- The Washington Times - Tuesday, January 24, 2012

The Washington Wizards parted ways with Flip Saunders on Tuesday and named Randy Wittman as interim head coach. Washington has the NBA’s worst record at 2-15, and it was evident that the players stopped responding to Saunders‘ message.

“I felt like, at this time, our players were not responding, and I think we needed a different voice,” Wizards president Ernie Grunfeld said at a news conference at Verizon Center. The decision to replace Saunders was his, Grunfeld said, and that owner Ted Leonsis gave his approval.

“Our young players probably haven’t developed as quickly as we’d like for them to develop, and we also need to play a style that complements their abilities. We have a very long, athletic team that can maybe go up and down a little bit more,” Grunfeld said. “The most important thing is we have to give a good, consistent effort on a nightly basis.”

Inconsistency has plagued the Wizards. They started the season being run out of the gym en route to an 0-8 start, but then began to play with a little more energy and competitive fire, giving rise to the belief that wins would follow.

Washington dropped close games to Boston, New York and Denver, then pulled off an upset over Oklahoma City. The Wizards have since been embarrassed by Chicago, Orlando and Philadelphia.

Grunfeld was quick to add that the switch from Saunders to Wittman does not change the team’s overall plan, to build through the draft, gain salary cap space and develop the young players.

“We knew what we were getting into when we decided to build with a lot of young players; now we have to get consistency throughout the lineup,” Grunfeld said.

As Wittman prepares to take over a group that clearly had tuned Saunders out, it’s safe to wonder if Wittman will fare better. But despite their longtime working relationship, Wittman said he and Saunders have different personalities.

“I think the reason Flip and I have been successful together throughout the years in the NBA is we are kind of polar opposites, and you have to have a staff that is mixed like that,” Wittman said. “The strengths and weaknesses of the staff is just as important as the strengths and weaknesses of your players.”

Wittman plans to retain the rest of the Wizards‘ coaching staff and said he already had met with a few of the players, including John Wall. Wittman stressed more than once that he would have left with Saunders if he didn’t believe he could help turn this team around.

“There’s got to be change.
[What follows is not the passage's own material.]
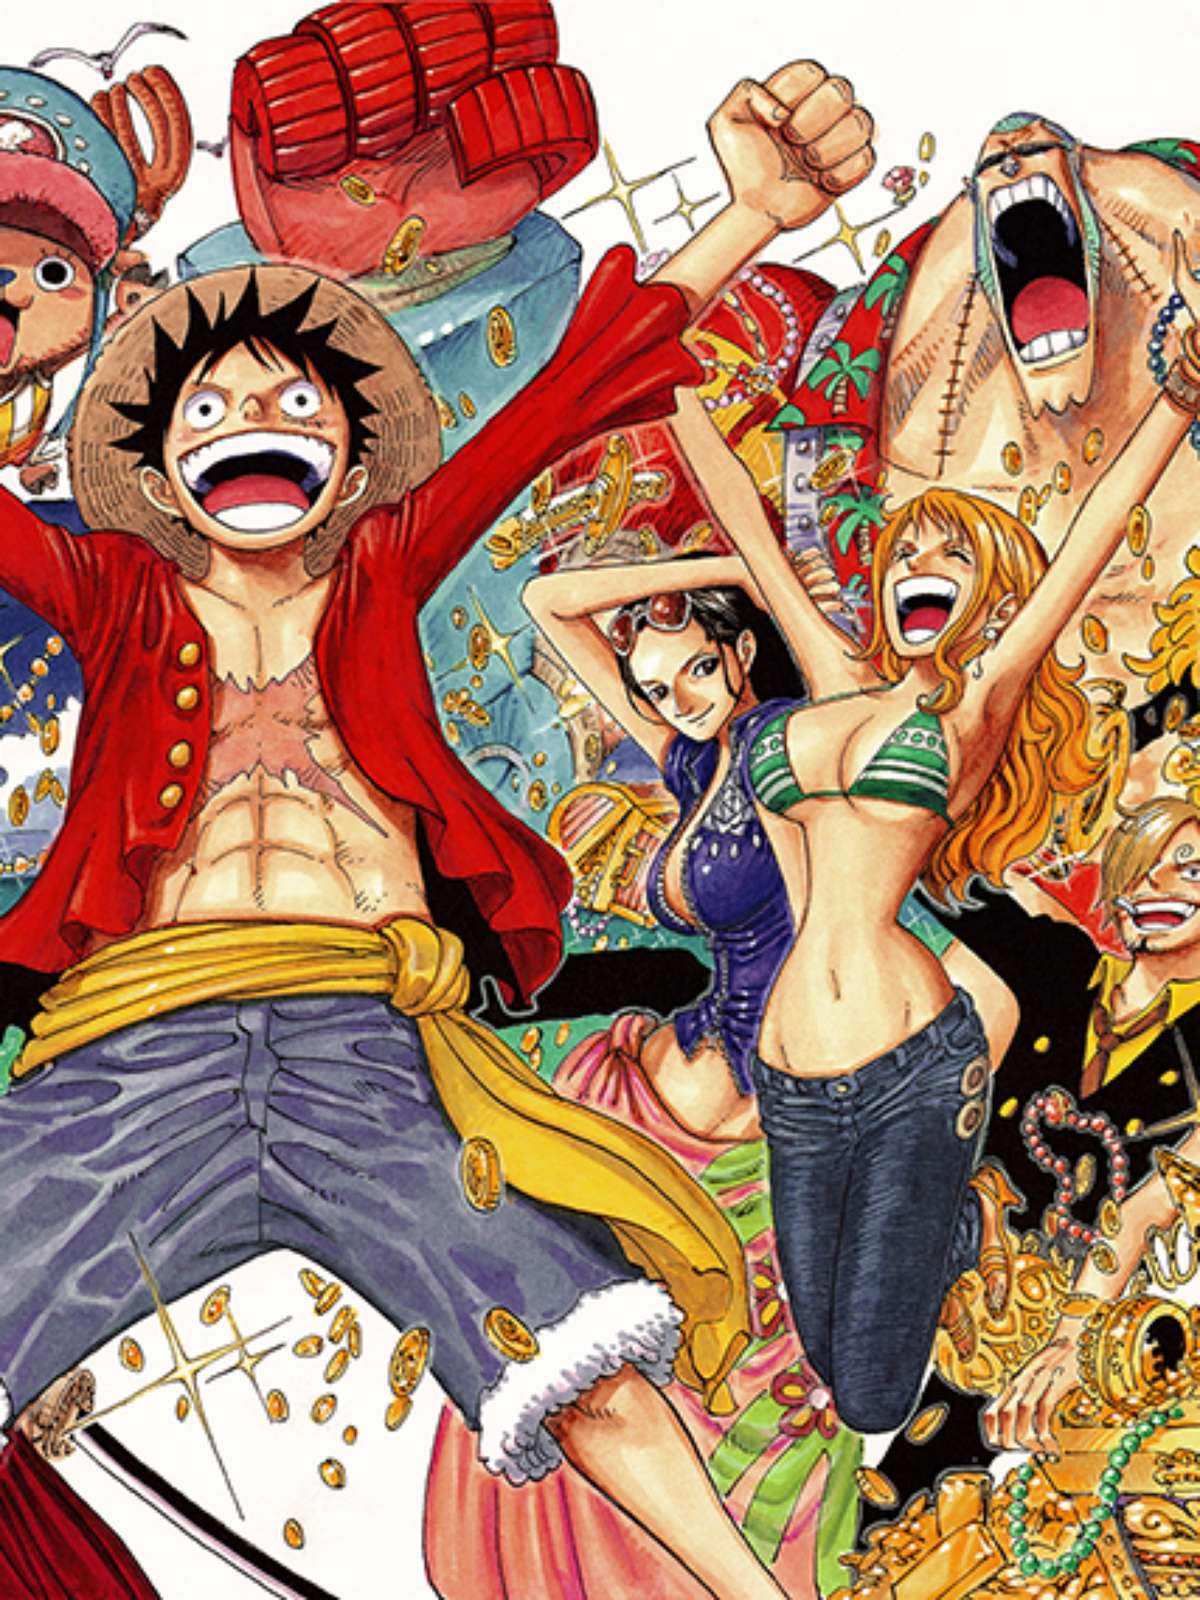 Netflix revela dublador brasileiro de Luffy, de One Piece

We’ve got to change,” he said. “I’m not the miracle worker here. We’ve got to change our outlook on how we play. Development happens in the practice floor. You have to earn what you get out on the game floor.”

Wittman is looking for a consistent competitive effort from the players, and a stronger sense of accountability.

“You have to prove that you deserve to be on the floor,” Wittman said.

Despite the dismal record, Wittman still sees some positives on this team, but player attitudes must attitudes must change as well.

“This is not an easy transition,” Wittman said. “But I know what change needs to happen to try make this a positive transition. Is this a happy day? No, by any regard. A good man walked out the door today.”